Advantageous Effects of Invention
[0014] According to an embodiment of the disclosure, appropriate
audio post-processing according to image information can be
performed using the image information and, unlike for a terminal,
by performing calculation in the server, audio post-processing
requiring a complicated calculation procedure can be performed at a
high processing speed.
BRIEF DESCRIPTION OF DRAWINGS
[0015] FIG. 1 is a diagram illustrating a block for audio
post-processing in a general multimedia recording;
[0016] FIG. 2 is a diagram illustrating a magnitude of a signal to
which a compressor and an expander of DRC have been applied;
[0017] FIG. 3 shows diagrams illustrating a signal to which a
limiter of a DRC has been applied;
[0018] FIG. 4 is a diagram illustrating an overall configuration of
the disclosure;
[0019] FIG. 5 is a diagram illustrating a structure of a network
including an edge computing server;
[0020] FIG. 6 is a diagram illustrating a period and a frame for
image data analysis;
[0021] FIG. 7 is a diagram illustrating an example of an item
selectable based on user feedback;
[0022] FIG. 8 is a diagram illustrating an operation of a terminal
according to the disclosure;
[0023] FIG. 9 is a diagram illustrating an operation of a server
according to the disclosure;
[0024] FIG. 10 is a block diagram illustrating a structure of a
terminal; and
[0025] FIG. 11 is a block diagram illustrating a structure of a
terminal.
MODE FOR THE INVENTION
[0026] Hereinafter, embodiments of the disclosure will be described
in detail in conjunction with the accompanying drawings. In the
following description of the disclosure, a detailed description of
known functions or configurations incorporated herein will be
omitted when it may make the subject matter of the disclosure
unnecessarily unclear. The terms which will be described below are
terms defined in consideration of the functions in the disclosure,
and may be different according to users, intentions of the users,
or customs. Therefore, the definitions of the terms should be made
based on the contents throughout the specification.
[0027] In describing embodiments of the disclosure in detail, based
on determinations by those skilled in the art, the main idea of the
disclosure may be applied to other communication systems having
similar backgrounds and channel types through some modifications
without significantly departing from the scope of the
disclosure.
[0028] The advantages and features of the disclosure and ways to
achieve them will be apparent by making reference to embodiments as
described below in detail in conjunction with the accompanying
drawings. However, the disclosure is not limited to the embodiments
set forth below, but may be implemented in various different forms.

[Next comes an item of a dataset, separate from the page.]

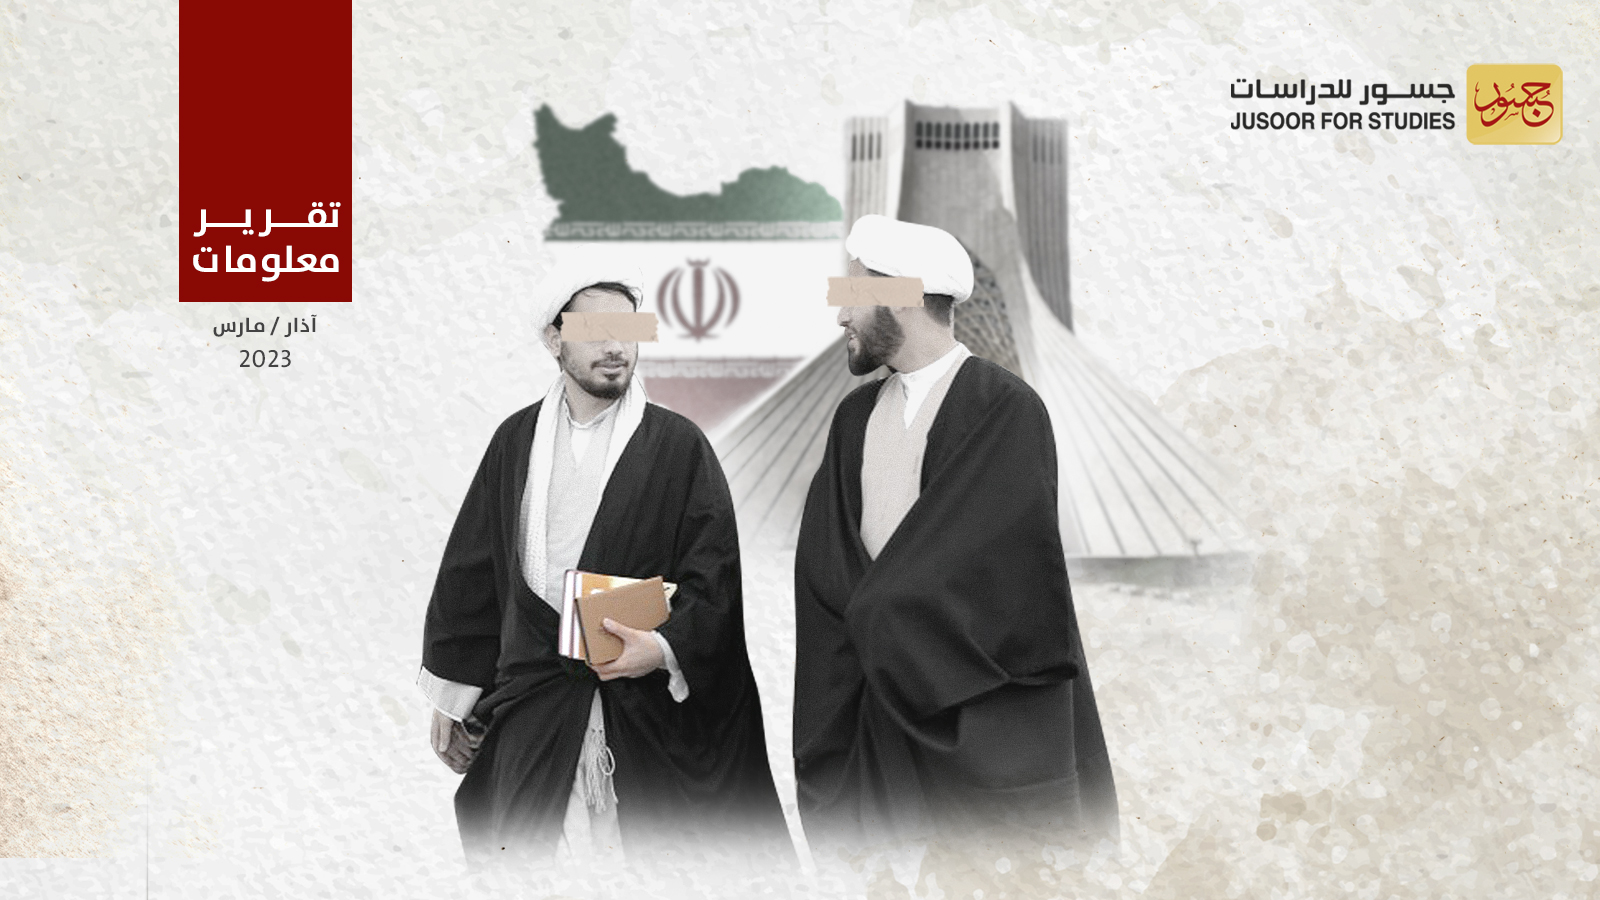 دورة شرعية في إيران لشيعة من محافظة درعا
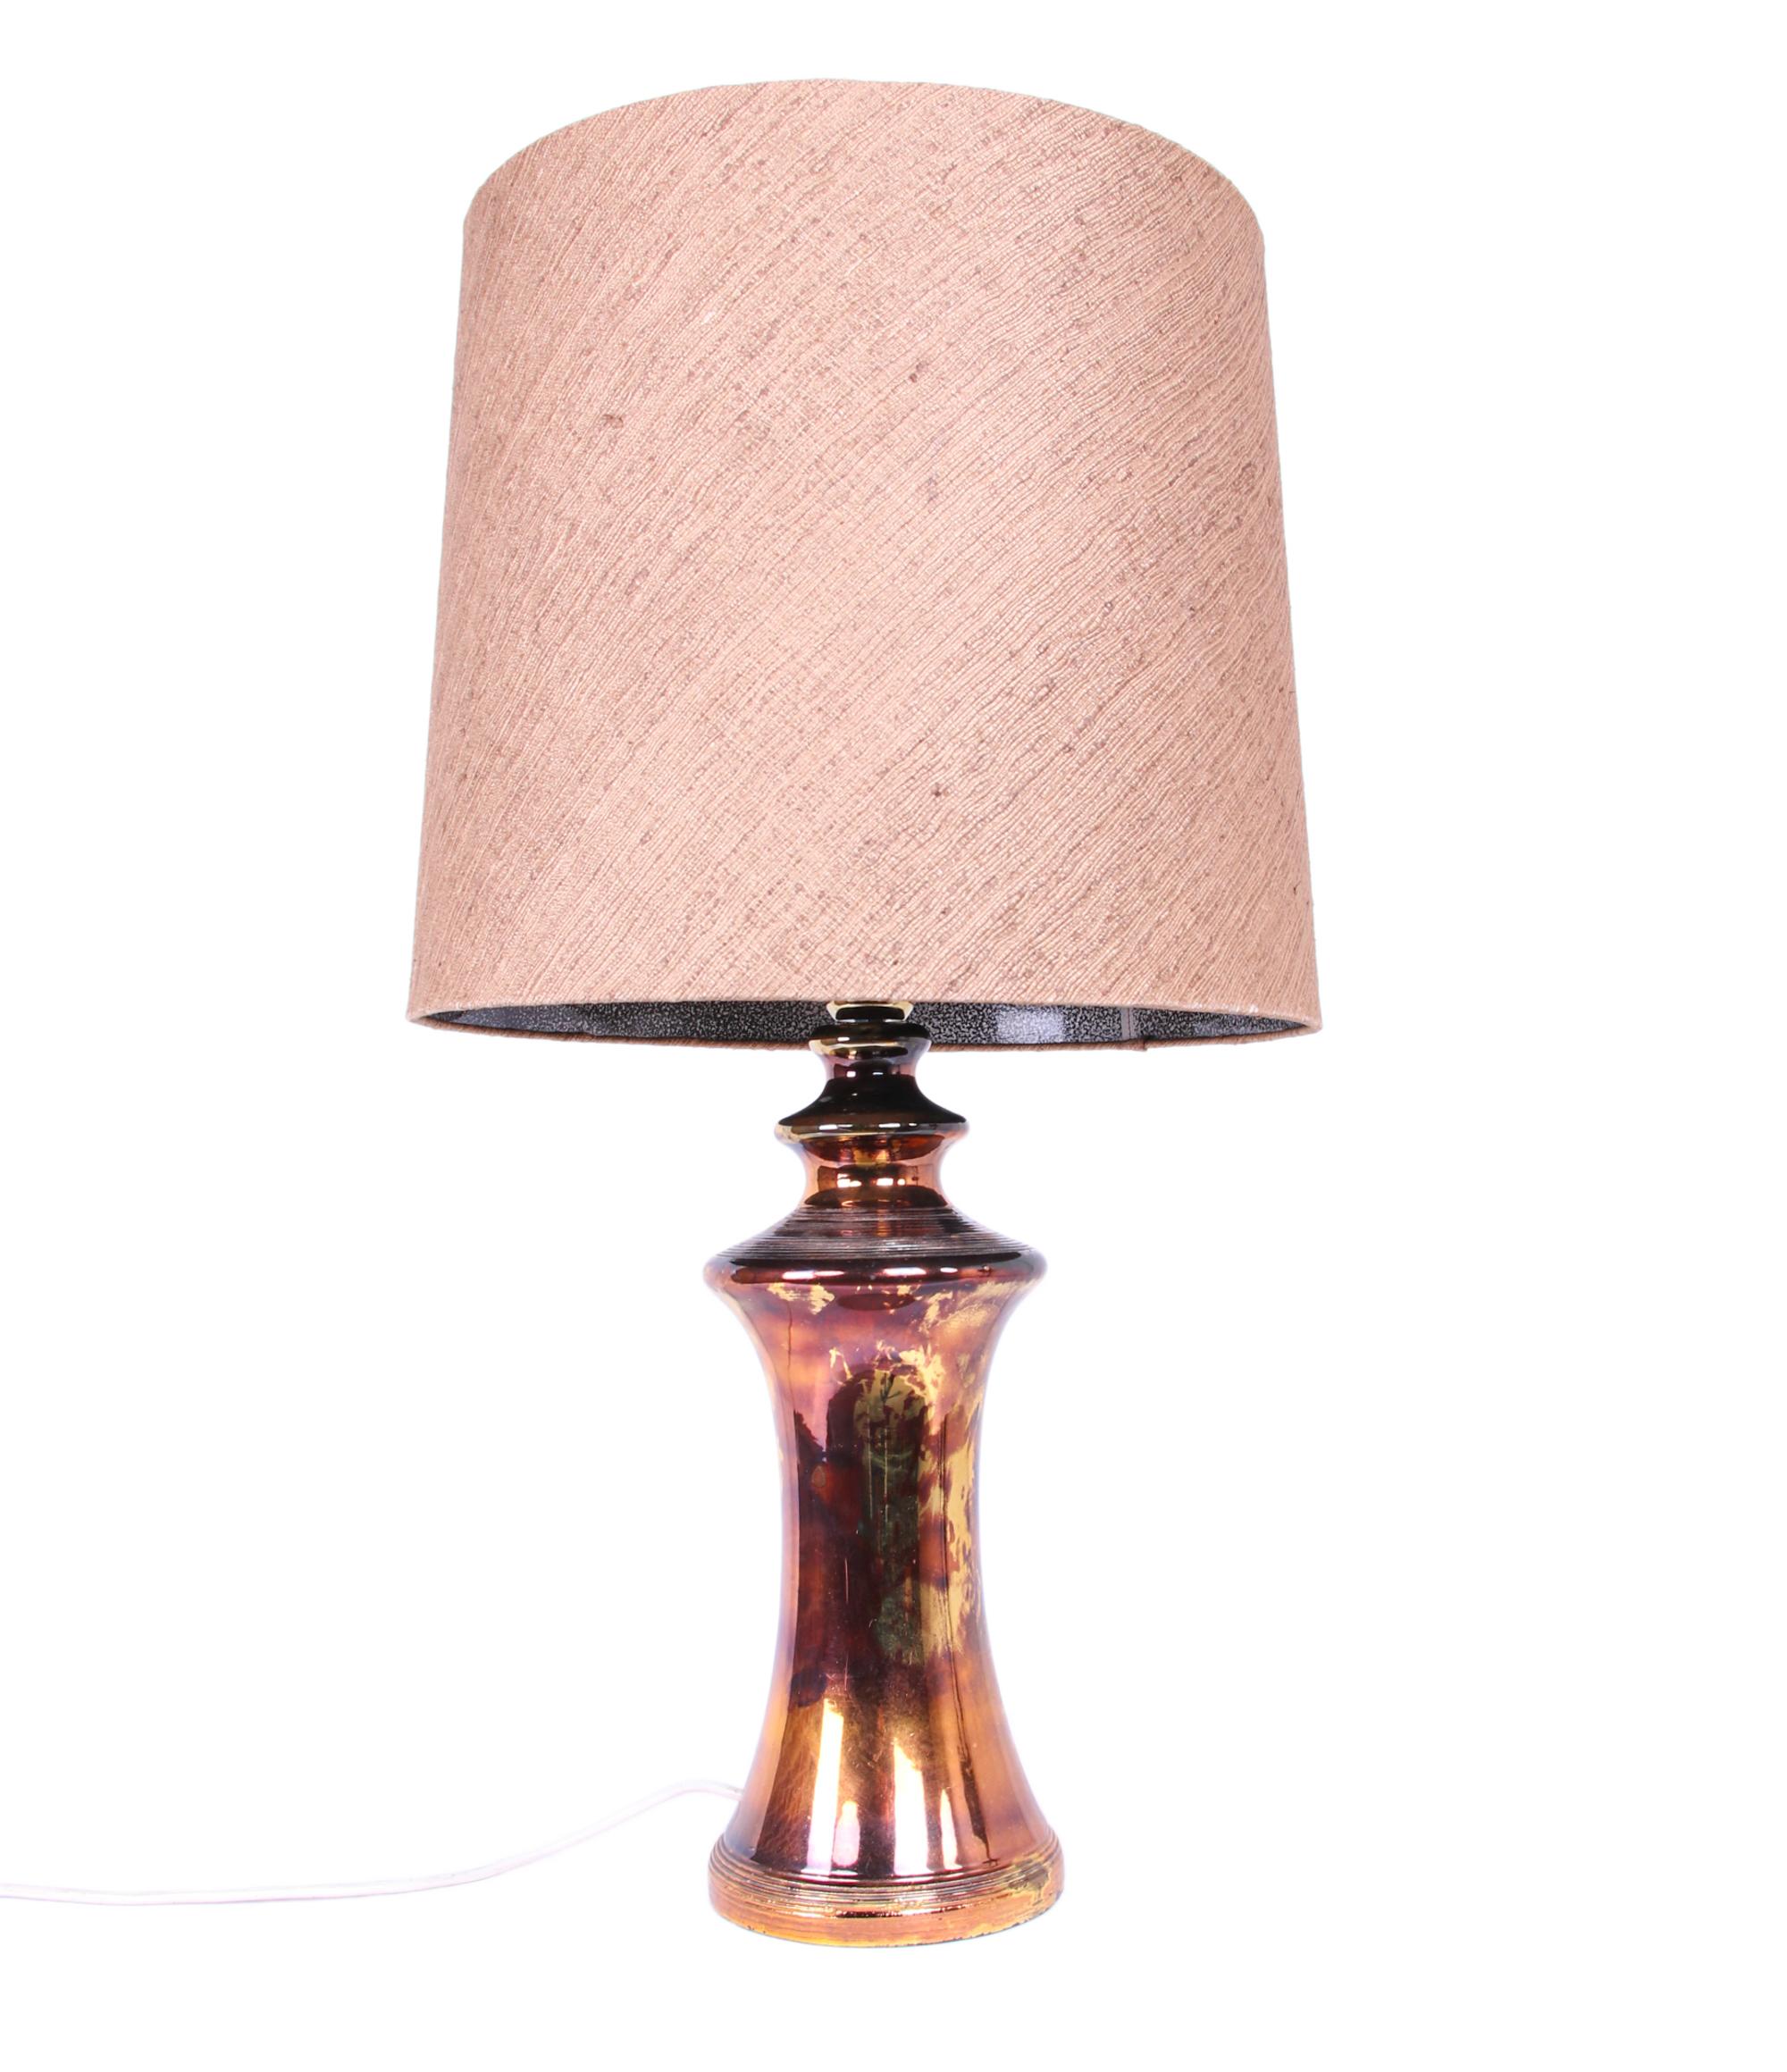 Exceptionnelle lampe de table artisanale de Bitossi, Italie, années 1960. Cette grande lampe en céramique recouverte d'une glaçure bronze et or est accompagnée de son abat-jour en soie d'origine. Avec ce luminaire, vous faites une déclaration claire

The following embodiments are provided only to completely disclose
the disclosure and inform those skilled in the art of the scope of
the disclosure, and the disclosure is defined only by the scope of
the appended claims. Throughout the specification, the same or like
reference numerals designate the same or like elements.
[0029] Here, it will be understood that each block of the flowchart
illustrations, and combinations of blocks in the flowchart
illustrations, can be implemented by computer program instructions.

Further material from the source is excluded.